[AVAILABLE DATA]
- Opening Delimiter -
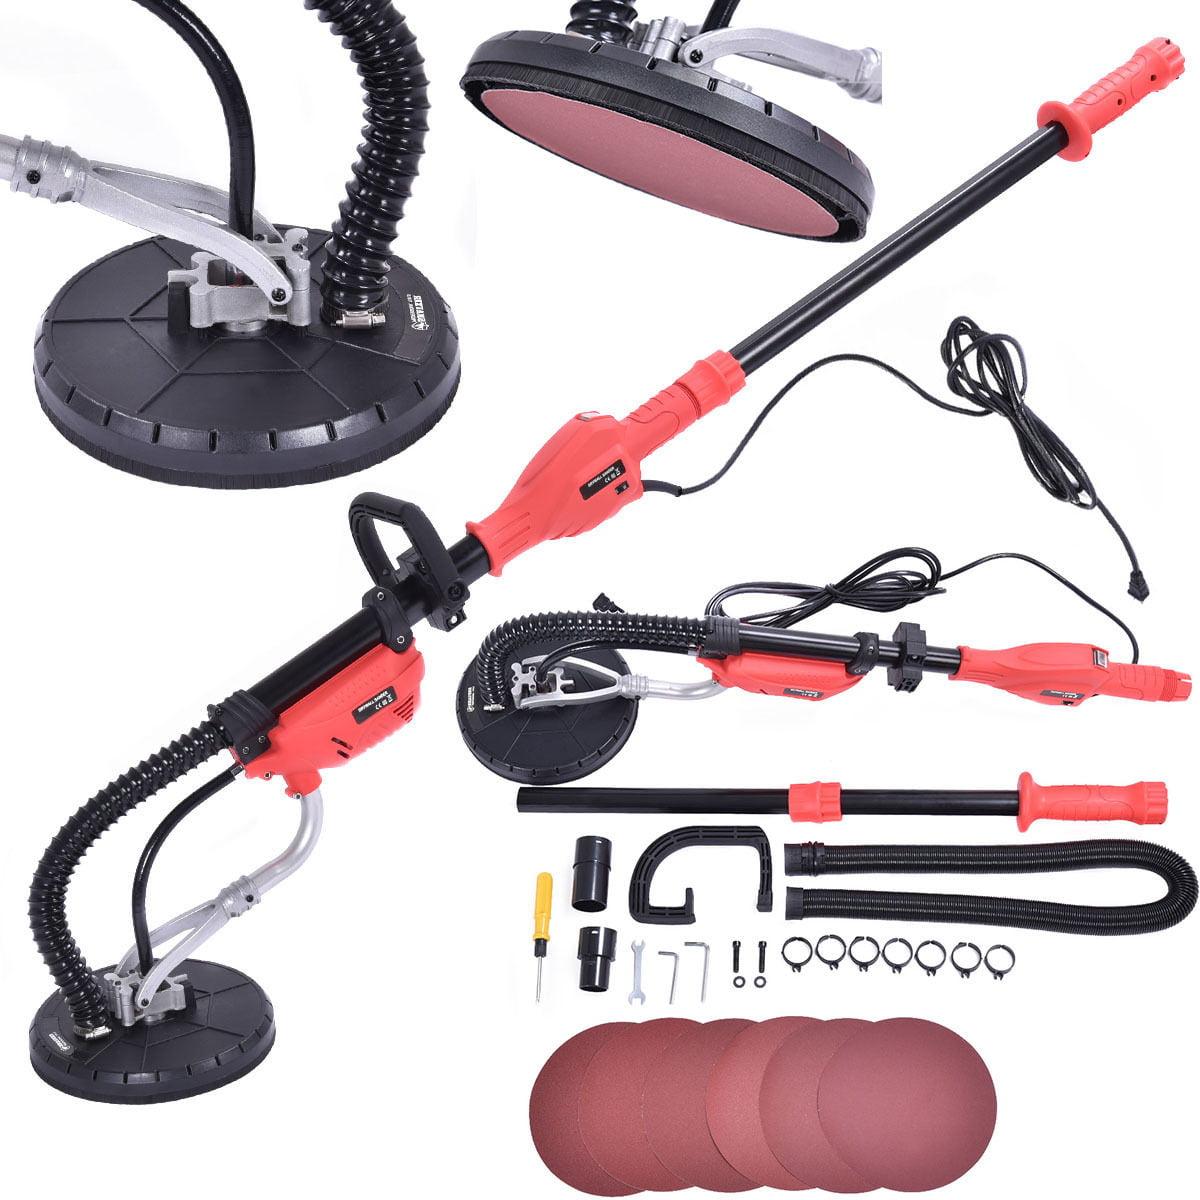 Costway Drywall Sander 750W Commercial Electric Adjustabl...
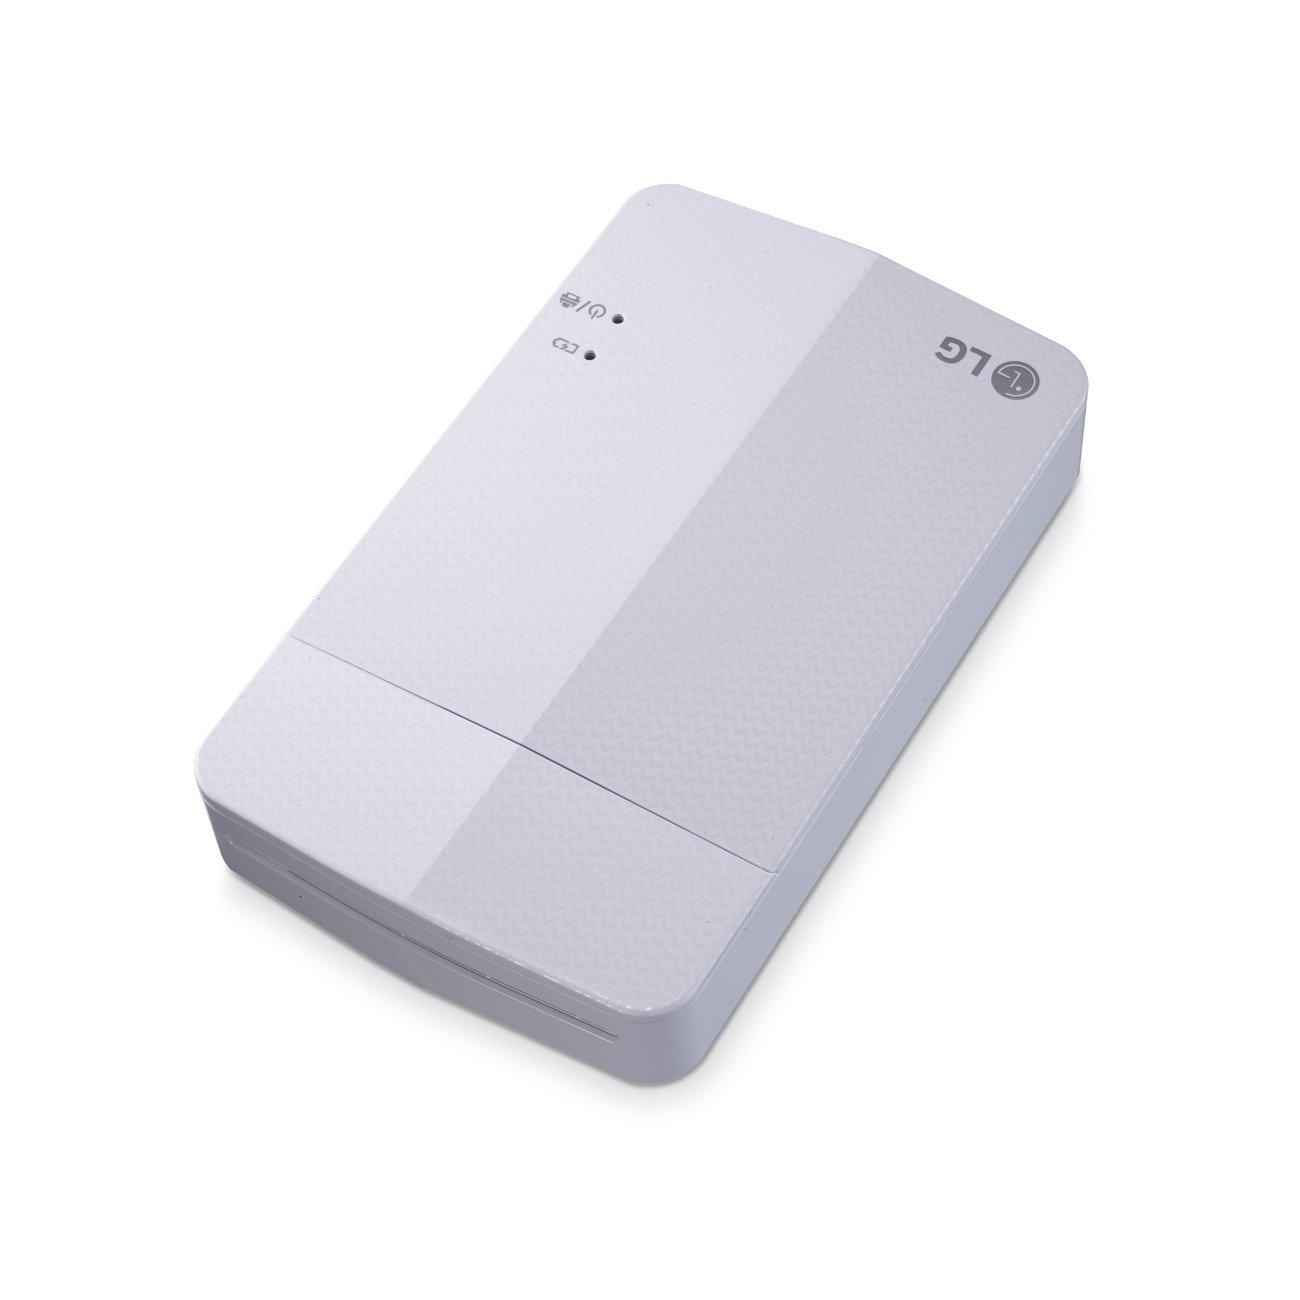 Impresora de fotos de bolsillo LG PD251 3 (modelo de seguimiento ...
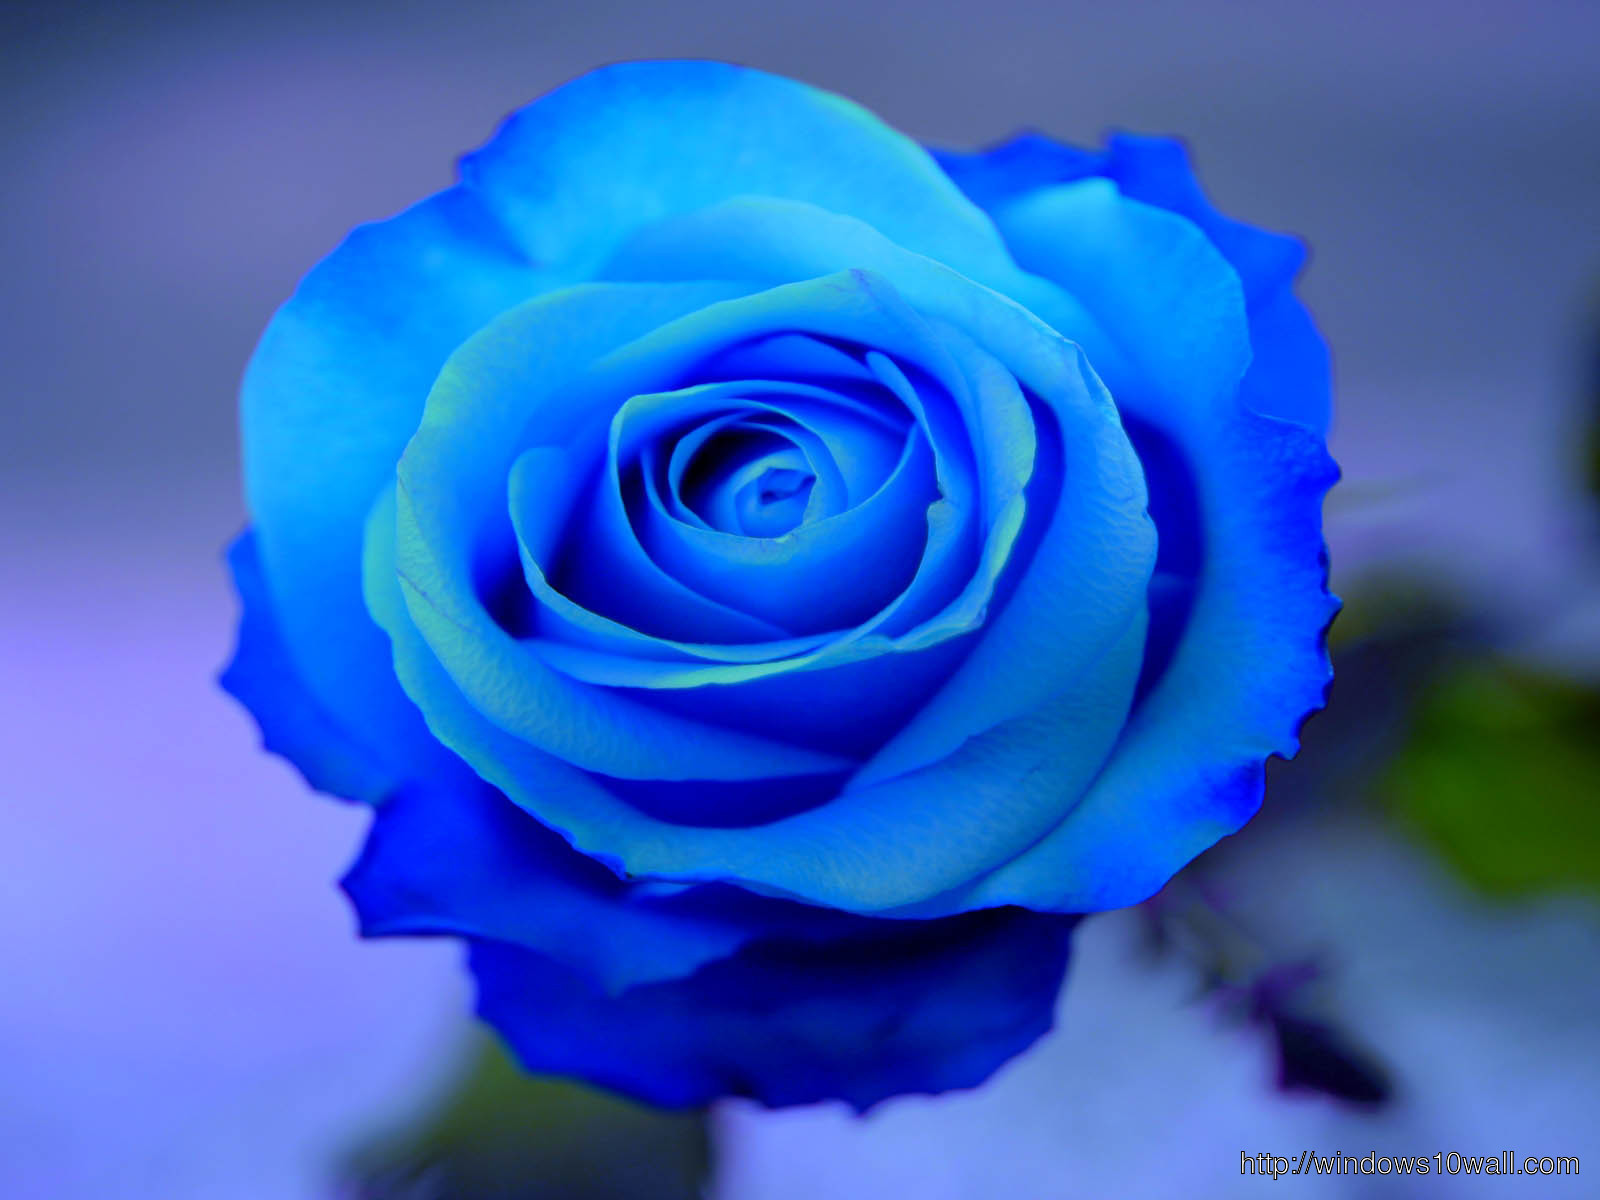 Blue rose hd wallpaper windows 10 wallpapers - Blue rose hd wallpaper download ...
- Closing Delimiter -
[ASSIGNMENT] Write out exactly, with no pictures, each line from the one containing "Impresora de fotos" through the last line of the listing above, both included.

[OUTPUT]
 Impresora de fotos de bolsillo LG PD251 3 (modelo de seguimiento ...
 Blue rose hd wallpaper windows 10 wallpapers - Blue rose hd wallpaper download ...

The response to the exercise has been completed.